# How long to run?



## CoolDJTV (Jun 28, 2011)

I currently run a haunted house at my house. for 2012 I am considering running the haunt for more than one night. Any thoughts on complications in doing this?
Thanks for your help


----------



## Frighteners Entertainment (Jan 24, 2006)

none, go for it.

It's a lot of work just for one night and you get to work out the kinks.
Been there, you'll love it!


----------



## CoolDJTV (Jun 28, 2011)

*More Nights*



Frighteners Entertainment said:


> none, go for it.
> 
> It's a lot of work just for one night and you get to work out the kinks.
> Been there, you'll love it!


Thanks, I agree. my Haunt is getting to the size where it seams (Gasp!) like alot of work to set it up and make it and only run it for one night of enjoyment. :ninja:


----------



## Lunatic (Oct 3, 2006)

I totally undertsand about investing so much time to build your haunt for one night. I don't do a haunted house but my haunt is big enough where it is a lot of work for one night. I just don't trust that my props won't get ruined by weather, stolen or vandalized. If i could keep it up for more than one night I would. I say go for it if you can!


----------



## CoolDJTV (Jun 28, 2011)

*Thanks*

Most of my haunt is in closed in walls and the expensive props out side can be moved in. Plus our neighbour hood mostly consist of people that (From Past Experience or 6 years of running my haunt:smoking won't vandalize or steal. But then again you never know!


----------



## fontgeek (Jul 24, 2006)

If your haunt is all props then go for it. If it requires actors/slave labor then you have to consider that too. People can scream and growl for one night a year, but night after night takes it's toll on the vocal cords., the same with actors who have to do more complicated or laborious parts.
If all is okay in all of those departments then go for it. I'd make sure that I posted the days I was going to run the haunt though, there's no use in having it open for a week or two ahead of time if nobody knows it open/available. But you may get people expecting candy on those other days/nights too.


----------



## DynomiteDaniel (Apr 3, 2012)

Last year we went for 3 nights but this year we are probably just going for Saturday night and Halloween Night. At least that is the plan. Might get so excited as the time comes that we go crazy and do all week!!!!! I always get sad when it's over.


----------



## CoolDJTV (Jun 28, 2011)

*Agreed*



fontgeek said:


> If your haunt is all props then go for it. If it requires actors/slave labor then you have to consider that too. People can scream and growl for one night a year, but night after night takes it's toll on the vocal cords., the same with actors who have to do more complicated or laborious parts.
> If all is okay in all of those departments then go for it. I'd make sure that I posted the days I was going to run the haunt though, there's no use in having it open for a week or two ahead of time if nobody knows it open/available. But you may get people expecting candy on those other days/nights too.
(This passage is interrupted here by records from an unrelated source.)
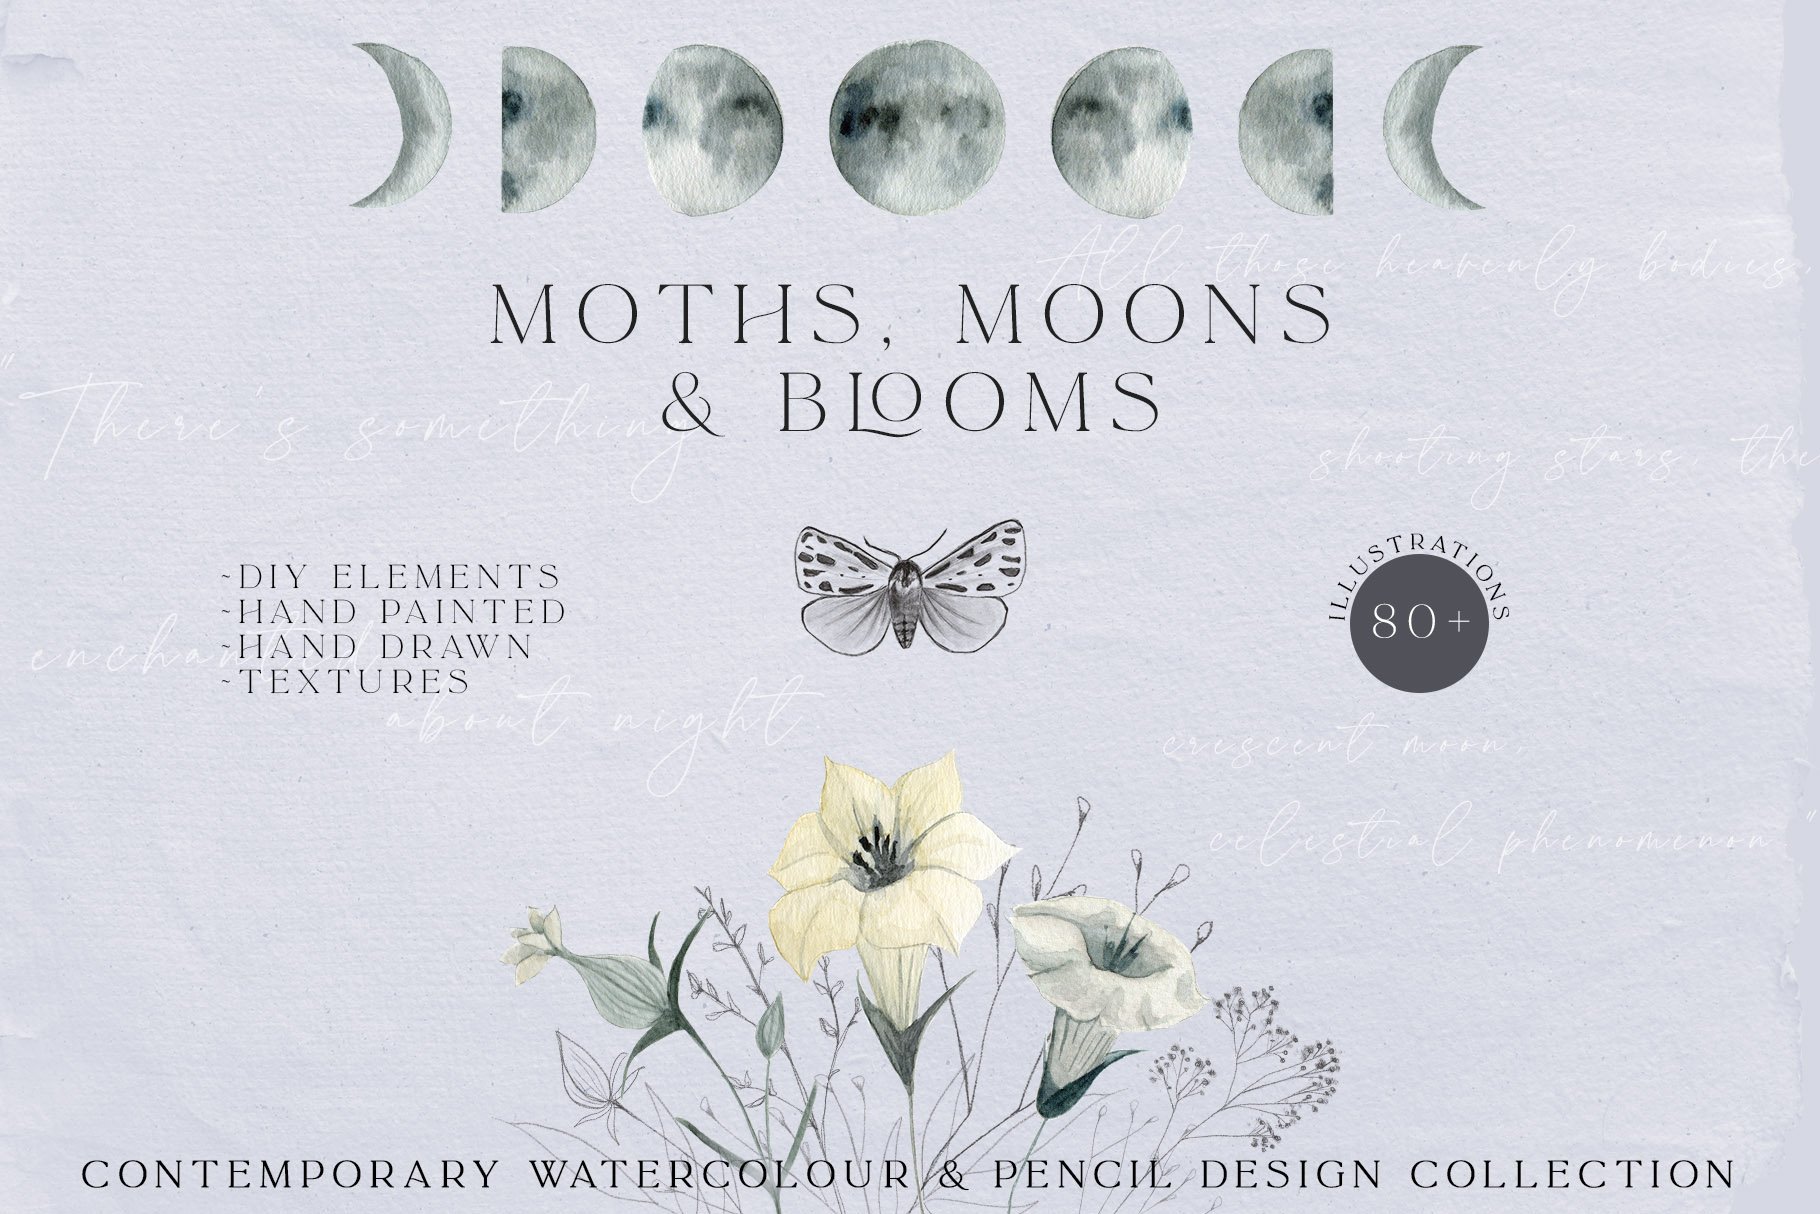 MOTHS, MOONS & BLOOMS watercolor set cover image.
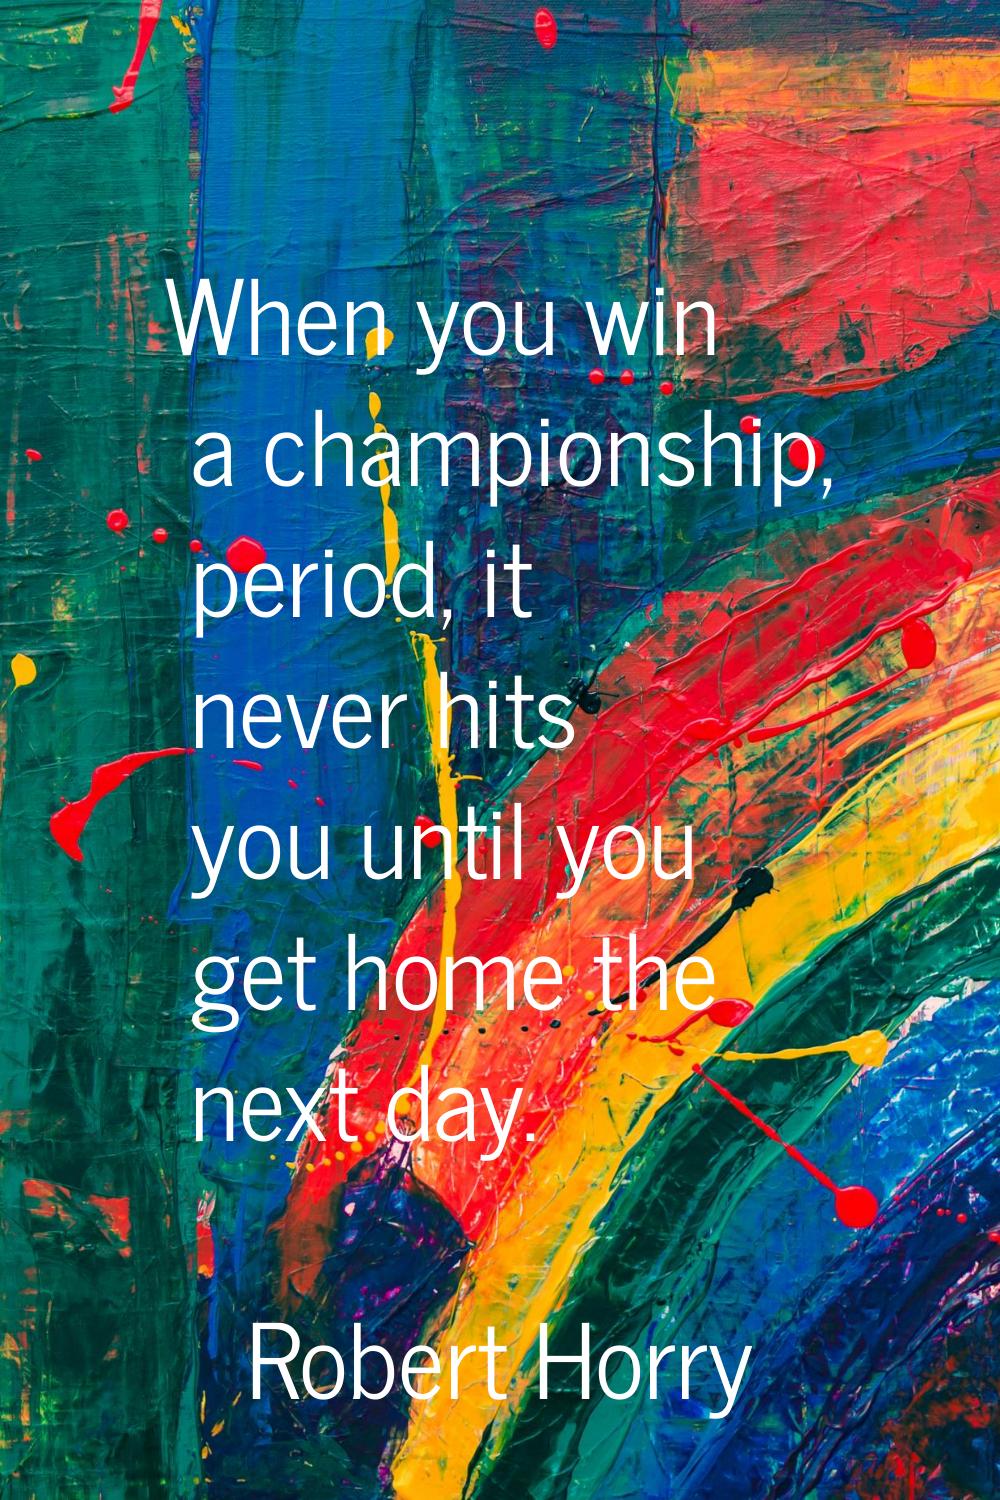 When you win a championship, period, it never hits you until you get home the next day.
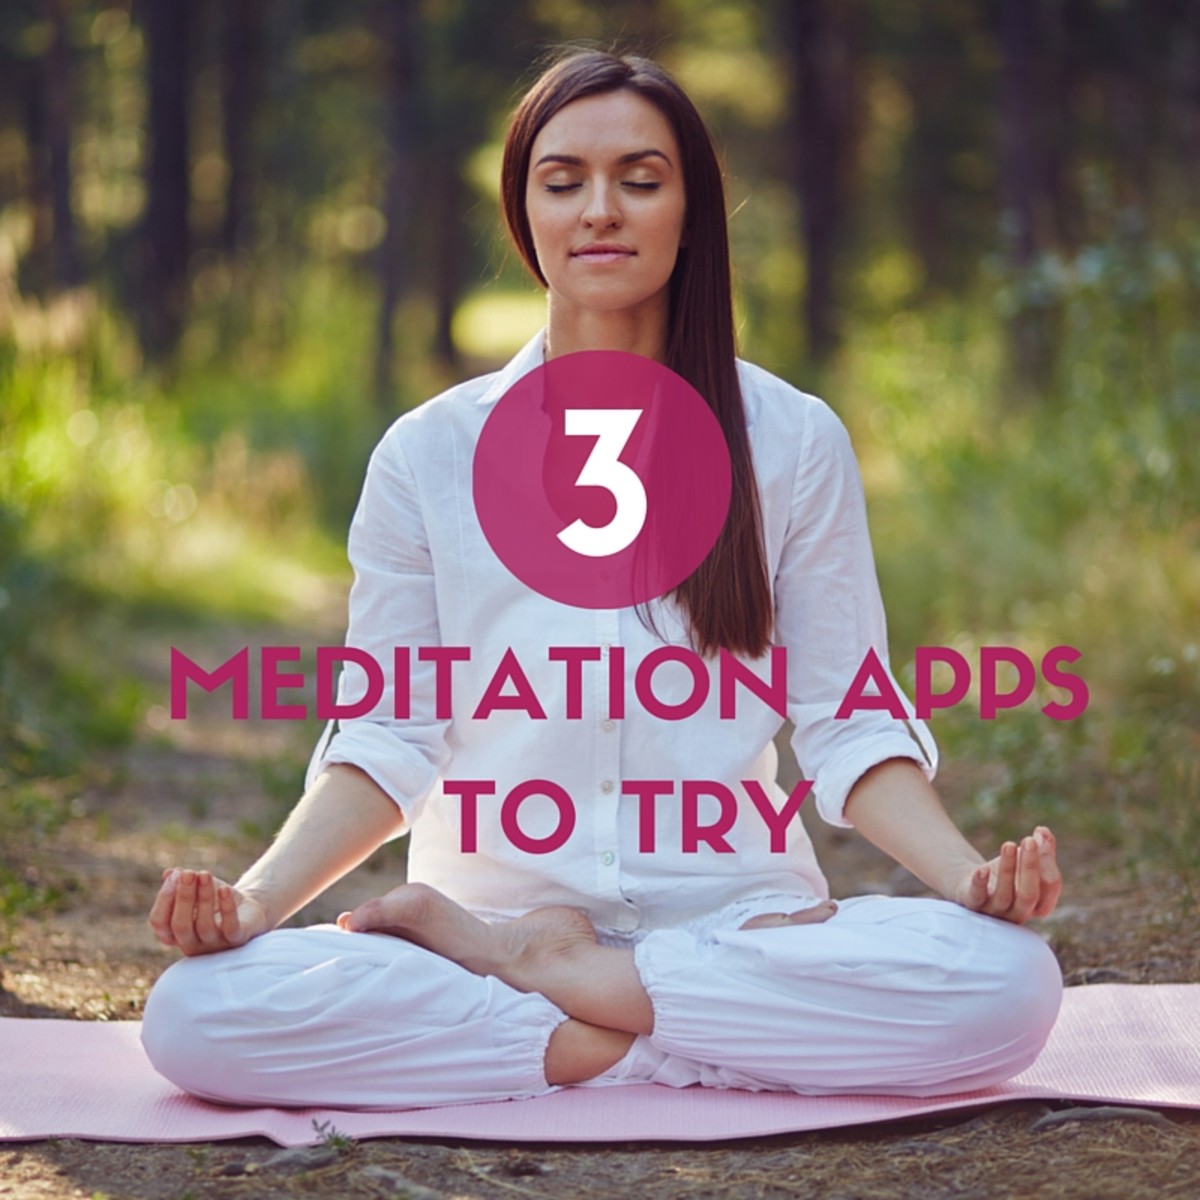 Meditation Apps to Try

I have never thought about my slave labour minions:smoking:. That is defiantly something to consider.:googly:


----------



## CoolDJTV (Jun 28, 2011)

*Awsome*



DynomiteDaniel said:


> Last year we went for 3 nights but this year we are probably just going for Saturday night and Halloween Night. At least that is the plan. Might get so excited as the time comes that we go crazy and do all week!!!!! I always get sad when it's over.


 Three nights would be great! But 2 nights seams enough this year.


----------



## tattman98 (Jun 29, 2011)

DynomiteDaniel said:


> Last year we went for 3 nights but this year we are probably just going for Saturday night and Halloween Night. At least that is the plan. Might get so excited as the time comes that we go crazy and do all week!!!!! I always get sad when it's over.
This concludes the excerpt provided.